CATEGORY: ⚐ EN + sustainability

Silicon Valley has changed the world once. Now, thanks to a wave of investment and innovation in solar power, it’s on to the next revolution: A massive disruption of the U.S. electricity market.

(Business 2.0 Magazine) — There’s a missile-bunker vibe you get when walking into Solaicx, a Silicon Valley startup that manufactures the silicon wafers that are the building blocks of solar panels.

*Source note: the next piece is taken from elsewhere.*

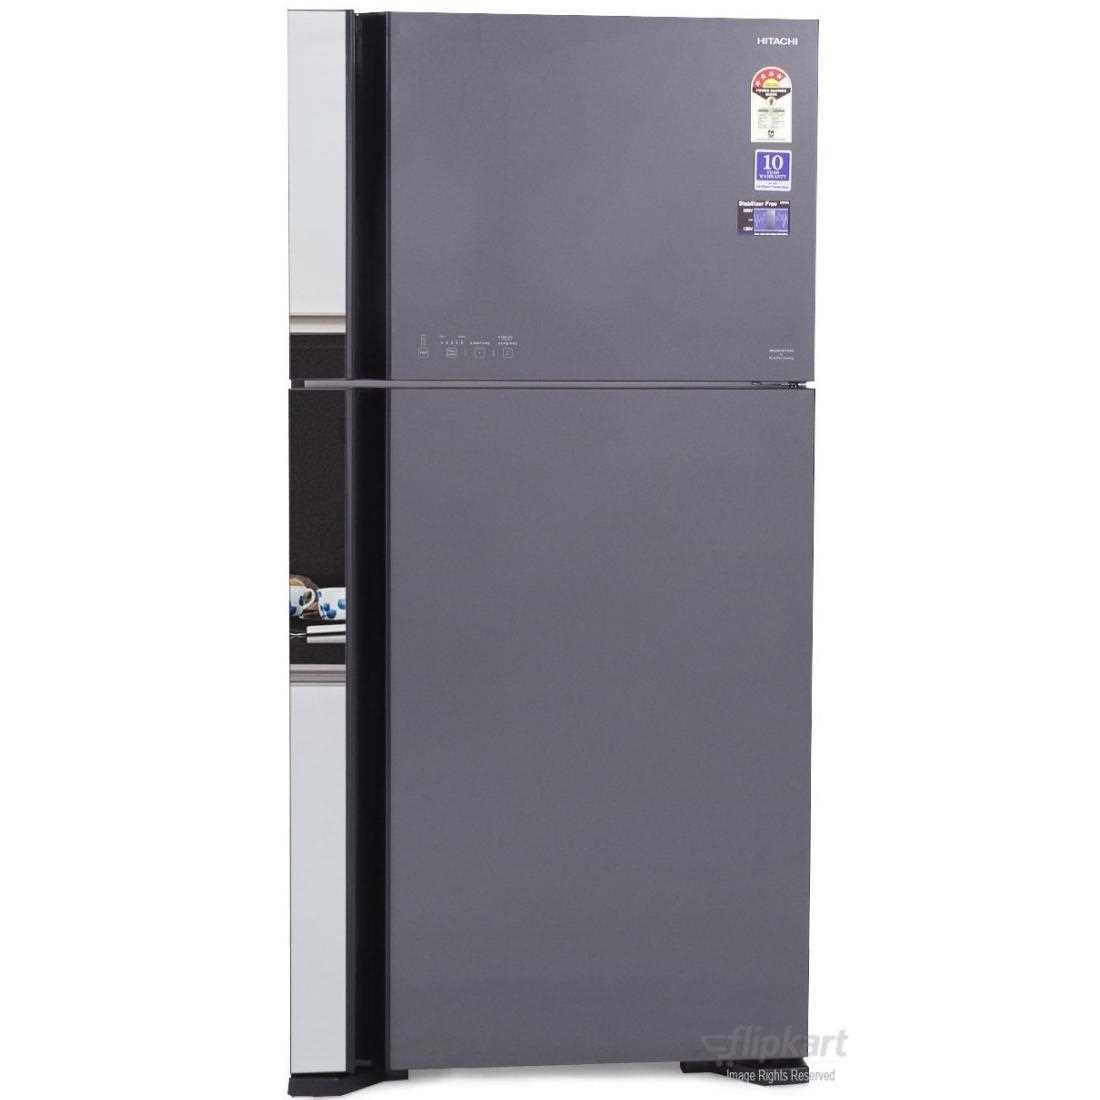 Hitachi R VG610PND3 Double Door 586 Litres Frost Free
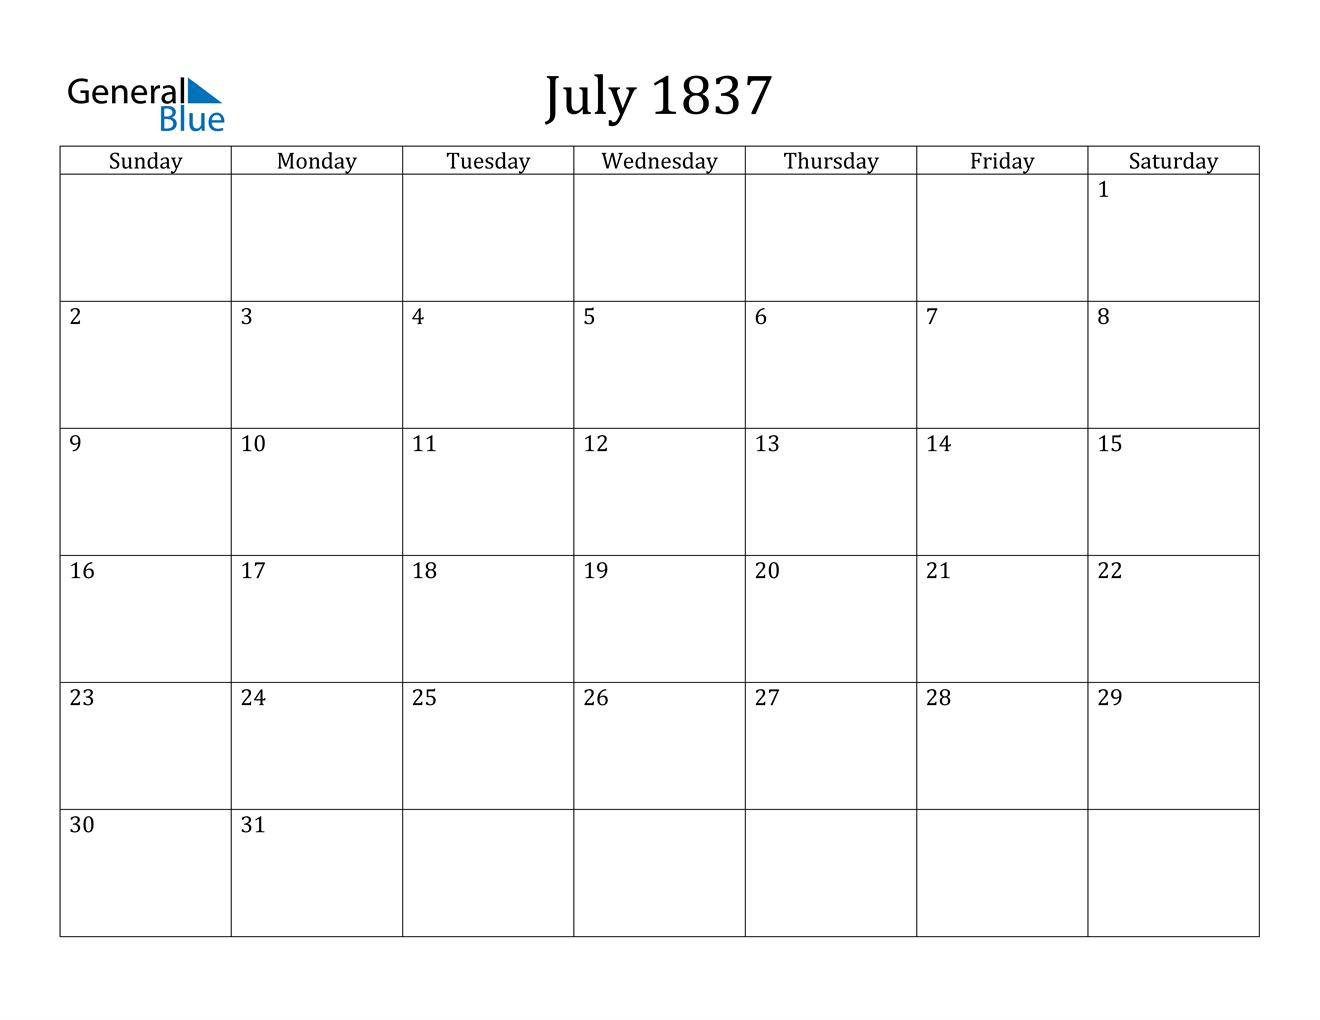 Image of July 1837 Calendar

In one half of the nondescript Santa Clara warehouse, three men sit hunched on a wood platform 8 feet above the cement floor, their eyes locked on two monitors. The screens show data and video gathered from a 24-foot-tall steel tower. The tower begins in a squat, gourd-shaped base and tapers to a cannon-size column with a long drum spinning slowly on top. Thick power cables snake down its sides. Another sci-fi-looking tower rises up off to one side of the building.

Inside the tower that has everyone’s attention, molten silicon is being added to a thin, 8-inch-long rod, or “seed,” of silicon. After 15 hours of precise spinning and pulling, the seed will grow to a mirror-finished ingot about 4 feet long and weighing more than 150 pounds. If it’s perfect – and that is the point of Solaicx’s cutting-edge technology – it will form a single crystal matrix, which is then trimmed and sliced into 1,000 wafers that sell for $5 apiece and are used by companies like General Electric (Charts) to build the most efficient solar modules on the market today.